Who Are You Going To Believe? Me or Your Lying Eyes?
Sometimes our eyes do lie
Recently I found the courage to get back into the fray of online dating. I’d been a part of this scene most of last year. And I had started up again in the spring of this year. But, after several months, I felt like I was trapped in a horrible horror movie that kept repeating itself.
I had online conversations again and again with different men that led nowhere. A continual back and forth of hi, how are you. Like passing notes in high school. Or in-person dates that were often pleasant, but afterwards the men vanished, turning up three or four weeks later expecting to pick up where we left off as if we’d been in contact since the first date. If I were lucky, I’d get a text message saying what a beautiful person I was, inside and out, and then a confession. I’m not over my ex, so I can’t see you again, or I don’t really have time to start a relationship — some crap like that.
The Dating Fast
A little over two months ago, I’d stopped my search for Mr. Right. I had to. I’d fallen into the hopelessness and desperation that failing can bring about. I was aware that my energy was anything but attractive, and I needed to pull myself up and out before I’d be able to find someone who could be right for me. I needed to focus on my self.
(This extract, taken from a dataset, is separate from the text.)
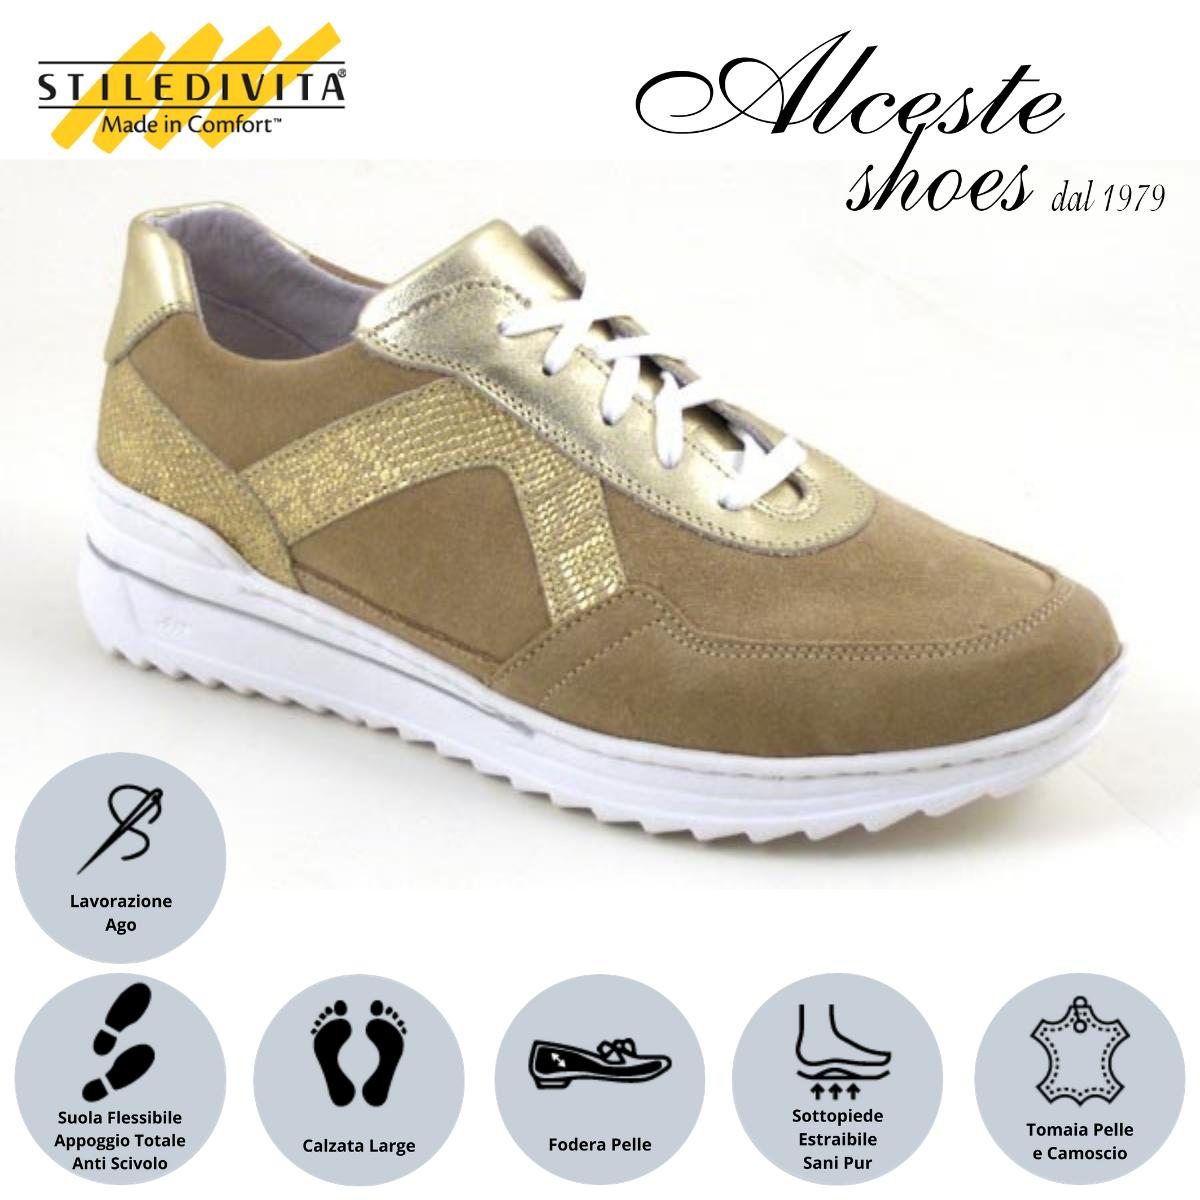 Sneakers Traforate Stiledivita Art. 7442 Camoscio Beige e Pelle Platino Alceste Shoes 14 1

Being open to experiencing new things and being vulnerable to share your heart is a great thing, but when you go from one defeat to another, it can close you up to love and remove all hope in the blink of an eye.
So I took time out for myself.
I started a self-love practice where each morning and night I tell myself I love myself while peering deeply into each eye, first the left eye, then the right, and then back to the left eye. Repeating this five times for each eye. This practice is amazing. It was like I was truly seeing myself for the first time ever!
I looked to my past and unearthed events where I felt I’d been wronged. I brought to mind the people I blamed. I recognized that they are not their actions and that if I knew the whole story I would have nothing but compassion for them. And I forgave them.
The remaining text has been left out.